JOHANNESBURG – South Africa’s Reserve Bank will leave interest rates at 6.75% on 17 January, all 27 economists polled by Reuters in the past four days said, but rising inflation means it is likely to hike them in May.
May’s expected hike to 7.00% would follow a surprise increase by the bank two months ago and is despite expectations for the price of crude to fall, offering much-needed relief to net oil importers such as South Africa.
The central bank wants inflation between 3 and 6% and while the median 2019 forecast got a slight nudge down to 5.2% in the latest poll, quarterly predictions say it will rise further from the mid-point through this year.
“Inflation will still be above the midpoint of the target, if it thought inflation was worrying to hike in November, then I think the same argument will apply in the first part of this year,” said John Ashbourne, senior emerging markets economist at Capital Economics.
But weak growth, expected to average 1.5% this year, means rates are expected to remain at 7.0% until the dying months of next year when the bank will add an additional 25 basis points.

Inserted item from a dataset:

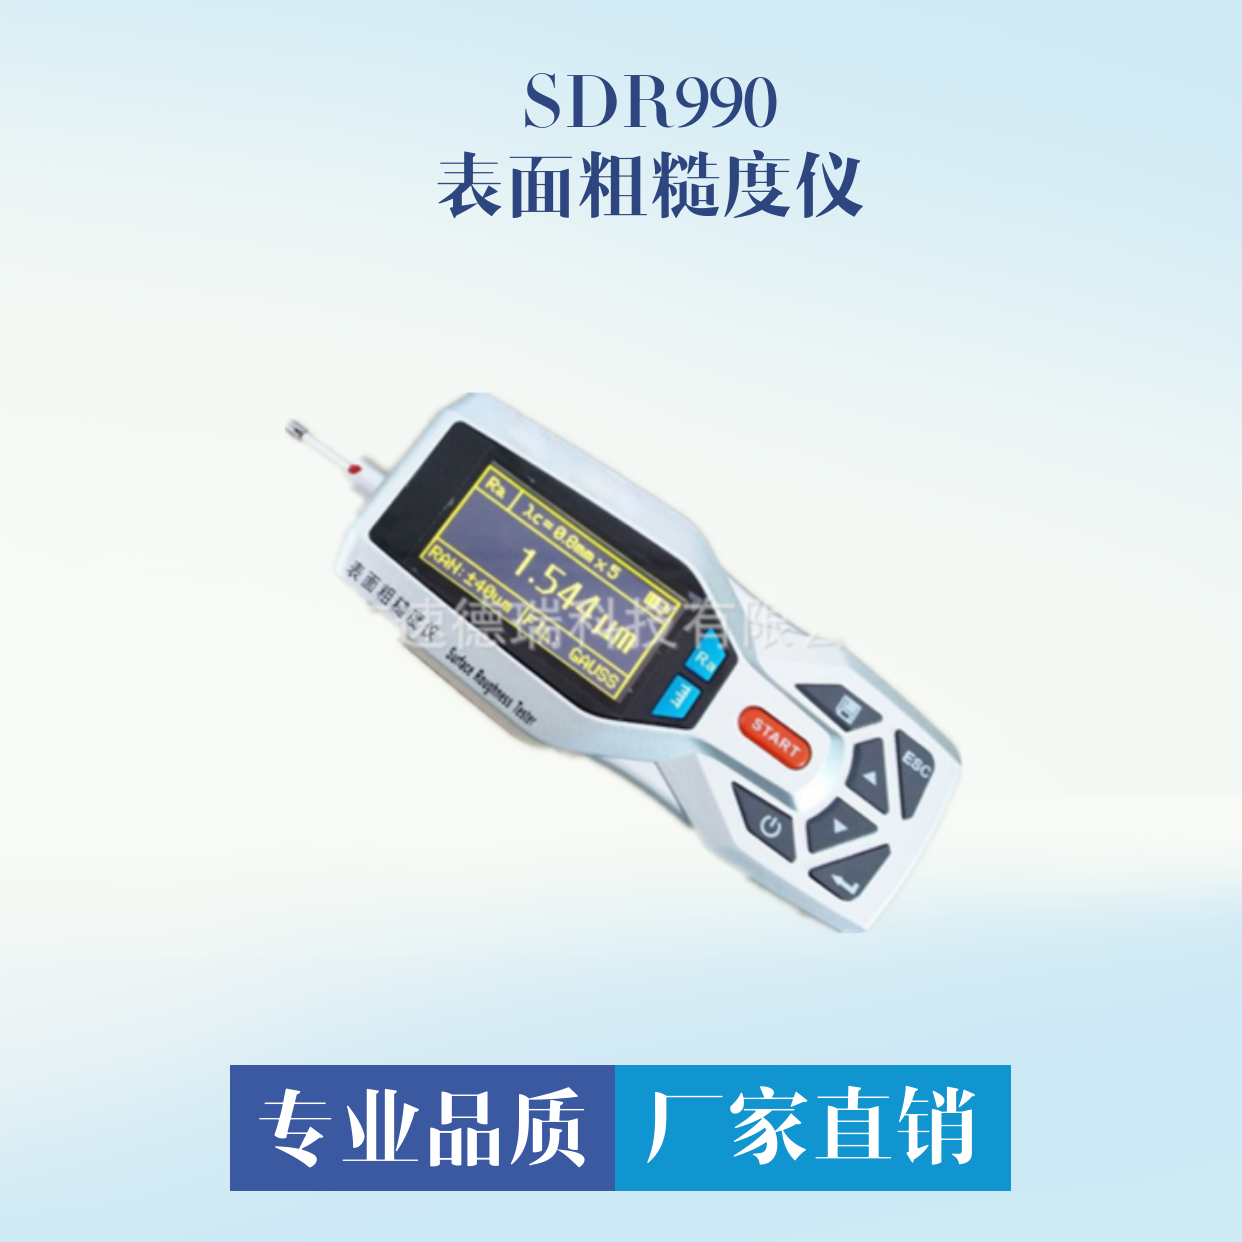 粗糙度检测仪SDR990
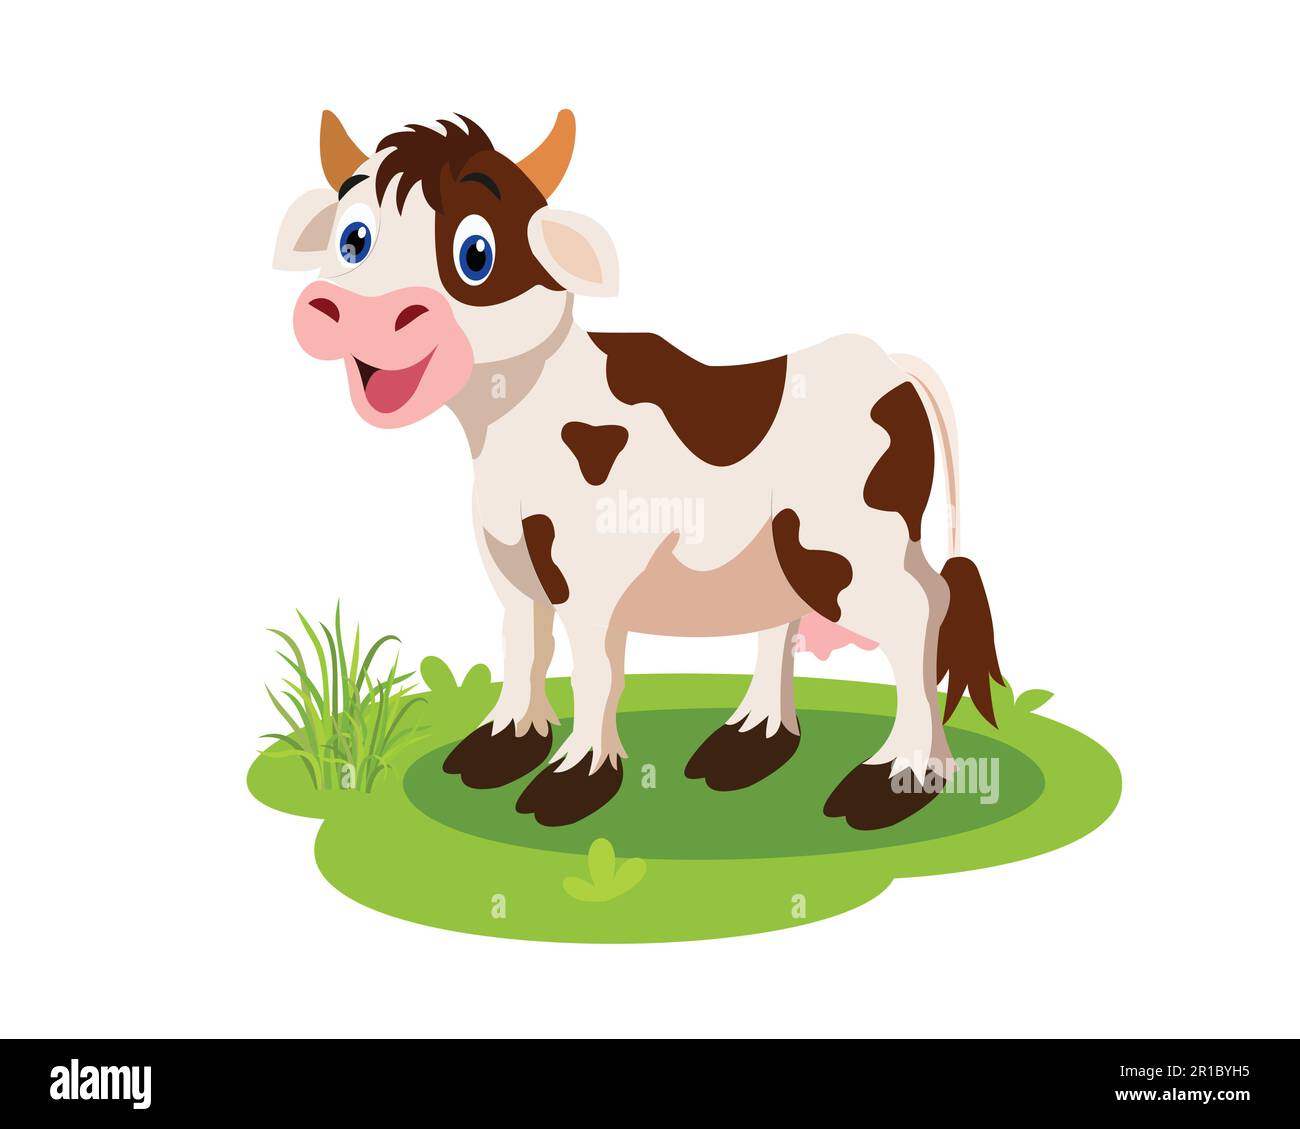 Süße Cartoon-Kuh, die auf Gras steht. Handgezeichnetes Vektorbild der Kuh auf weißem Hintergrund. Isolieren Sie das Bild vom Hintergrund und verwenden Sie es für Kinder alphat Stock Vektor

Growth is forecast to accelerate to 1.9% in 2020.
With global growth weakening, some economists expect no change in South African policy across the forecast horizon. Frank Blackmore of EFConsult is one of those, citing lower global growth expectations and weaker domestic inflation.
The US Federal Reserve has been raising rates but has signalled fewer interest rate hikes over the next two years and expressed caution about the US economic outlook.
Higher rates in richer nations tend to attract much-needed capital inflows away from emerging markets such as South Africa, weakening currencies which leads to quicker domestic inflation.
However, a separate Reuters poll on Wednesday said the rand would lose over 3% of its value in volatile trade against the dollar this year but should be cushioned by wavering expectations for US interest rates.